Victor Sorokine Posted December 3, 2010 Author Share Posted December 3, 2010 (edited) Mathematical entertainment Fermat's last theorem. New approach Obtained contradiction: each of three numbers A, B, C is divisible by n. Let us assume that for relatively prime integers A, B, C and prime [math]n>2[/math] 1°) [math]A^n+B^n-C^n=0[/math], where 2°) [math]A+B-C=U=un^k[/math], where u is not divisible by n and, as is known, k>1. Let us examine the numbers 3°) [math]P=(C^{n-1}-B^{n-1})/(C-B )[/math], [math]Q=(C^{n-1}-A^{n-1})/(C-A)[/math], [math]R=(A^{n-1}-B^{n-1})/(A+B)[/math]. It is easy to calculate (calculation will be represented later), that under the conditions of the FLT the numbers 4°) [math]P+Q[/math], [math]P-R[/math] и [math]Q-R[/math] are divisible by n. From what it follows that the number 5°) [math]P+Q[/math] и [math]P-Q[/math], => and the numbers P, Q, R, => and the numbers [math]C^{n-1}-A^{n-1}[/math], [math]C^{n-1}-B^{n-1}[/math], [math]A^{n-1}+B^{n-1}[/math], => and the numbers [math]A^{n-1}+B^{n-1}[/math] and [math]A^{n-1}-B^{n-1}[/math] => and the numbers [math]A^{n-1}[/math], [math]B^{n-1}[/math], [math]C^{n-1}[/math], => and the numbers A, B, C are divisible by n, which contradicts condition.
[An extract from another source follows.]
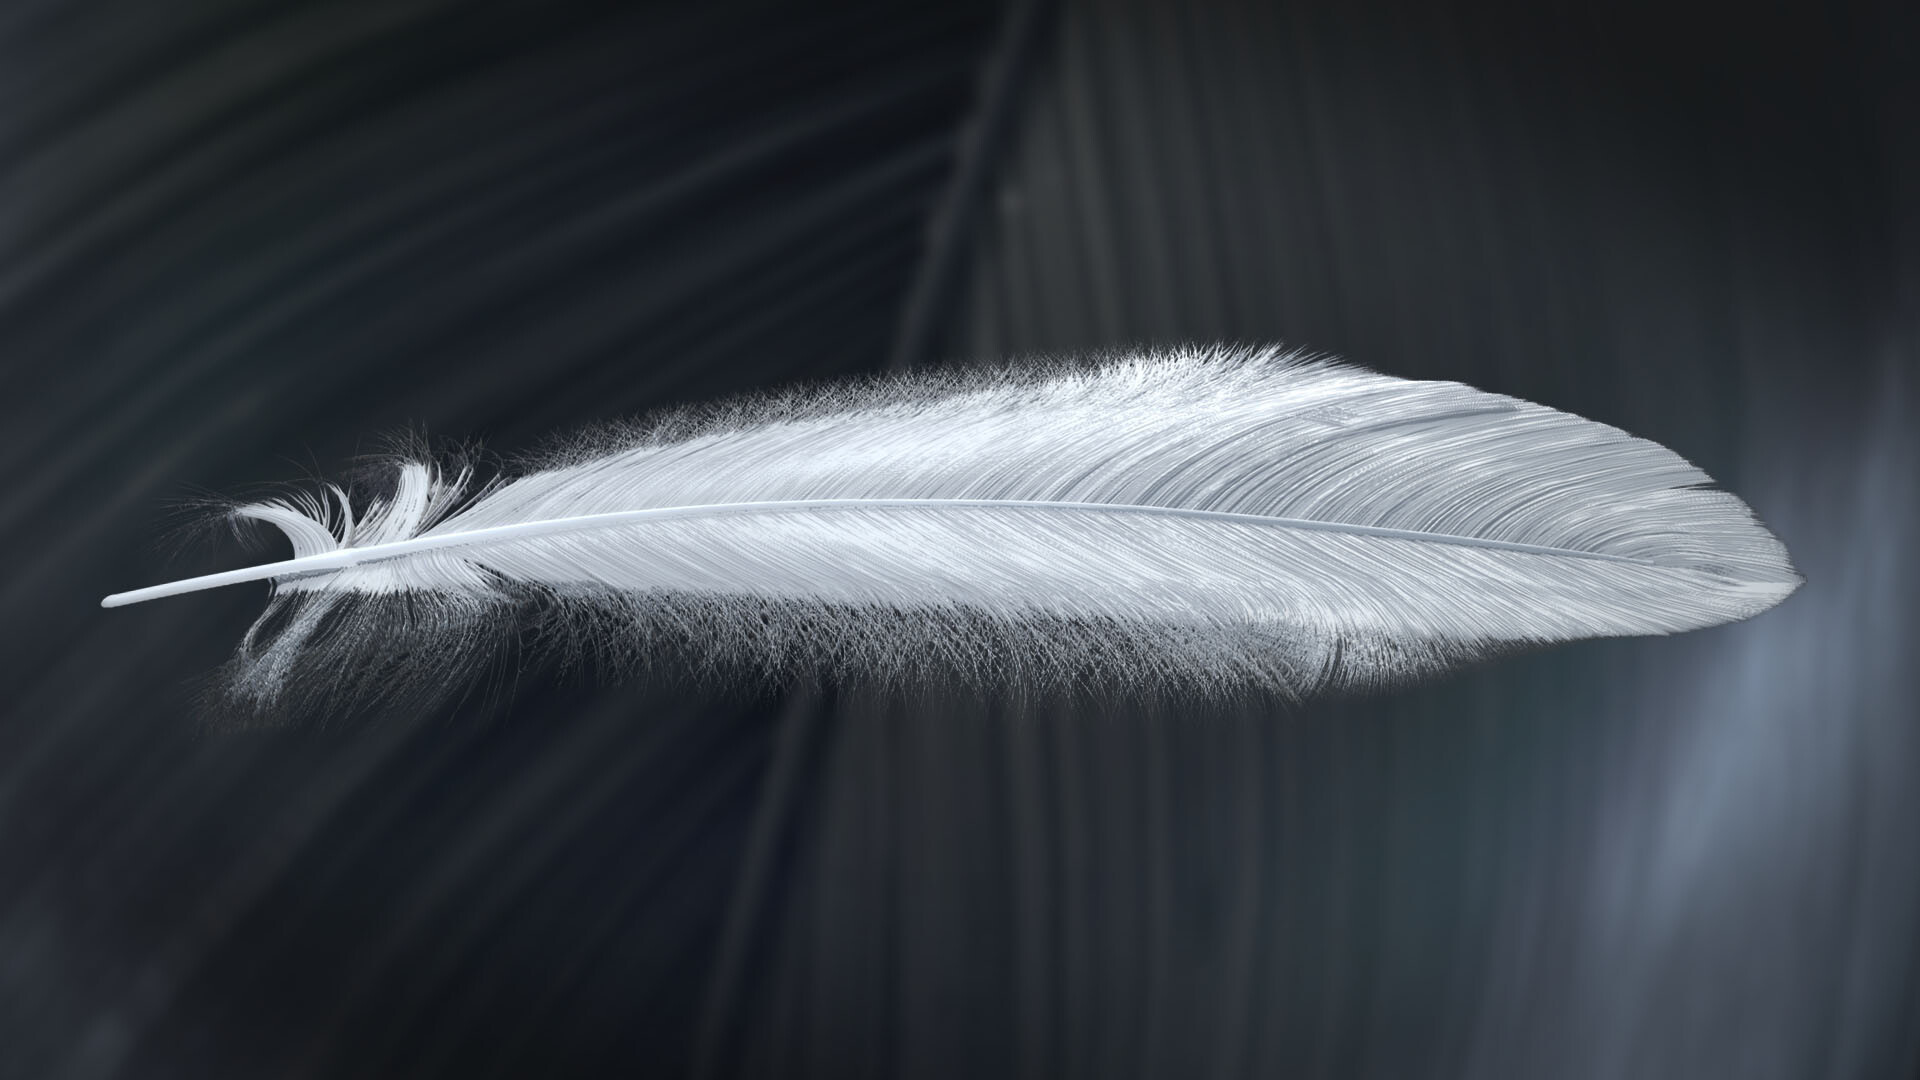 Feather: A part of bird's anatomy, Filoplume. 1920x1080 Full HD Wallpaper.

Fermat's last theorem is proven. Edited December 4, 2010 by Victor Sorokine Link to comment Share on other sites More sharing options...
Victor Sorokine Posted December 4, 2010 Author Share Posted December 4, 2010 Calculations Numerator of number [math]P-R[/math] [denominator [math](A+B )(C-B )[/math]]: [math]=(C^{n-1}-B^{n-1})(A+B )-(A^{n-1}-B^{n-1})(C-B )=[/math] [math]=AC^{n-1}-AB^{n-1}+BC^{n-1}-B^n-CA^{n-1}+CB^{n-1}+BA^{n-1}-B^n=[/math] [math]=(A+B)C^{n-1}-(C-B)A^{n-1}+(C-A)B^{n-1}-2B^n=[/math] [math]=(C+U)C^{n-1}-(A-U)A^{n-1}+(B-U)B^{n-1}-2B^n=[/math] [math]=C^n-A^n+B^n-2B^n+UC^{n-1}+UA^{n-1}-UB^{n-1}=[/math] [math]=(C^n-A^n-B^n)+U(C^{n-1}+A^{n-1}-B^{n-1})=[/math] [math]=U(C^{n-1}+A^{n-1}-B^{n-1})[/math]. ------------------------------------- Thus, [math]P-R=[ U(C^{n-1}+A^{n-1}-B^{n-1})]:[(A+B )(C-B )][/math]. If [math]U=un^k[/math], [math]C=cn^k[/math], [math]A+B=c’n^{kn-1}[/math] then exponent with the coefficient n in the numerator: [math]k+min[k(n-1), (kn-1)]=kn[/math], exponent with the coefficient n in the denominator: [math]kn-1[/math], exponent with the coefficient n in the number P-R: [math]kn-(kn-1)=1[/math], i.e., the number P-R is divisible by n. But if denominator [math](A+B )(C-B )[/math] is not divisible by n, then numerator is divisible by [math]n^k[/math]. All other calculations are analogous. Link to comment Share on other sites More sharing options...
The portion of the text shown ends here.